Part of the reason that people use google is that they have policies stating that when a user clicks on a link, they see the same stuff that google sees. In other words, google provides the kind of search results that people tend to want. If they start favoring paywall sites over users, then upstart search engines like DuckDuckGo or whatever would be more than happy to snap those users up.
How in the exact crap it helps is that the links to paywalled sites stop working - they fail instantly (I actually generate a "this URL is disabled in hosts" page... OSX has a built-in webserver) and you're not deluged with crap like "pay me." Hit back (or whatever key combo your browser uses for back), you're back at google. No screwing with the junk sites, basically an immediate response, doesn't even have to hit the network.

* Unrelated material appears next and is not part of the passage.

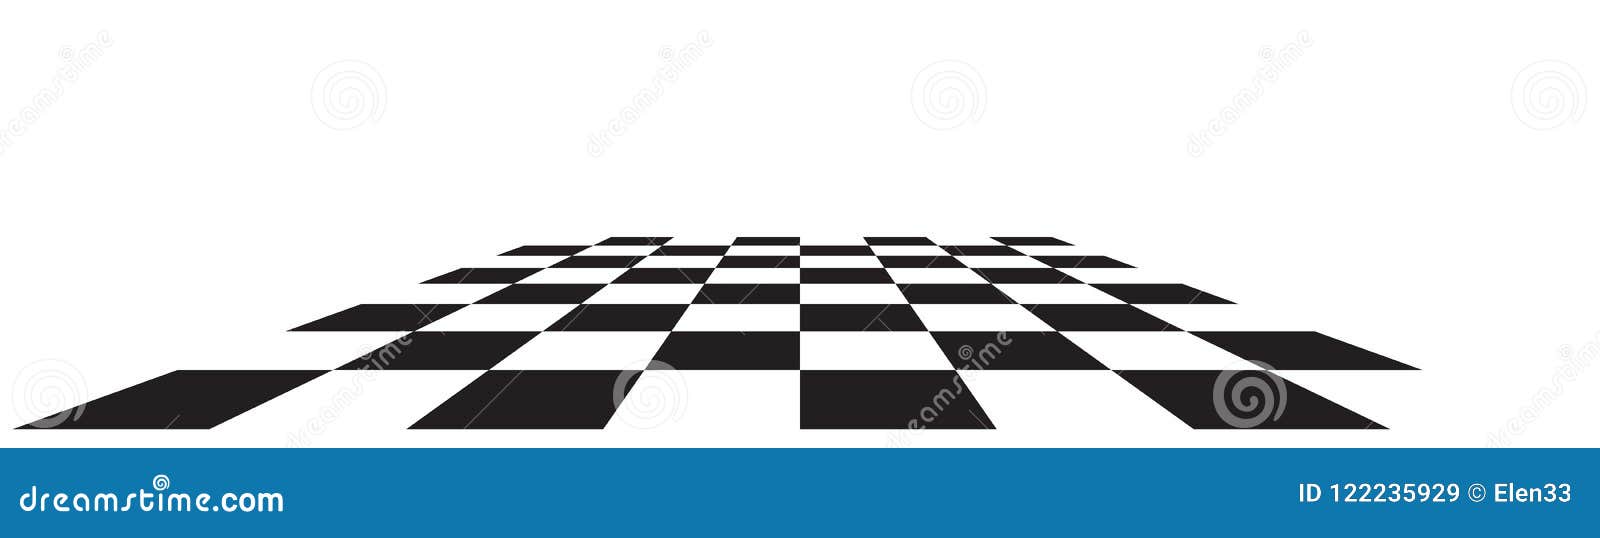 Ilustração com fundo tabuleiro de xadrez imagem vetorial de Nairi79©  71321153

Not only does this keep the offending site from sullying your browser, it doesn't even give them the courtesy of an Internet reach-around: the click never reaches their servers.
If you don't want paywalled sites, the best move is to vote with your wallet and you clicks. So don't go to them, even accidentally. This accomplishes that. Sites that misbehave are dead to you.
I've fallen off your lawn, and I can't get up.
There's these things called anti-trust laws. You may have heard of them. The idea that Google is all powerful is exactly why Google is not at liberty to use its power.
As long as Google isn't specifically discriminating against WSJ it doesn't apply. It sounds like they have the same algorithm for WSJ articles as everyone else. No abuse of power here. WSJ is seemingly looking for special treatment from Google that they haven't paid Google for.
WSJ etc. need to take a breath. Google isn't there to be their 'free advertising', if they want to paywall their stuff, fine. Then pay for advertising on Google to get people to go to your site, otherwise shut the F up.
I think he should go have a word with WSJ on behalf of Google.
WSJ, and a few other web sites with an attitude, have been in my hosts file for more than a year. I really don't miss them, and laugh at their click-bait headlines.
I think that it is a good thing for search engines to index information behind paywalls, or any other “obstruction” (for example content of printed books): that would bring us closer to a universal search tool. With paywalls, it could be done using special credentials provided to search engines by the publisher (assuming that a standard gets developed for that). That would solve the problem of the search engine downranking articles for only seeing fragments of them.
On the other hand, I’d want those same search engines to make it easy (through settings) for users to include or exclude such information (by category: paywalled, books, etc.) from the results of their search, with customisable exceptions (for example, a user might want to include results from a firewalled journal to which he subscribes but not others).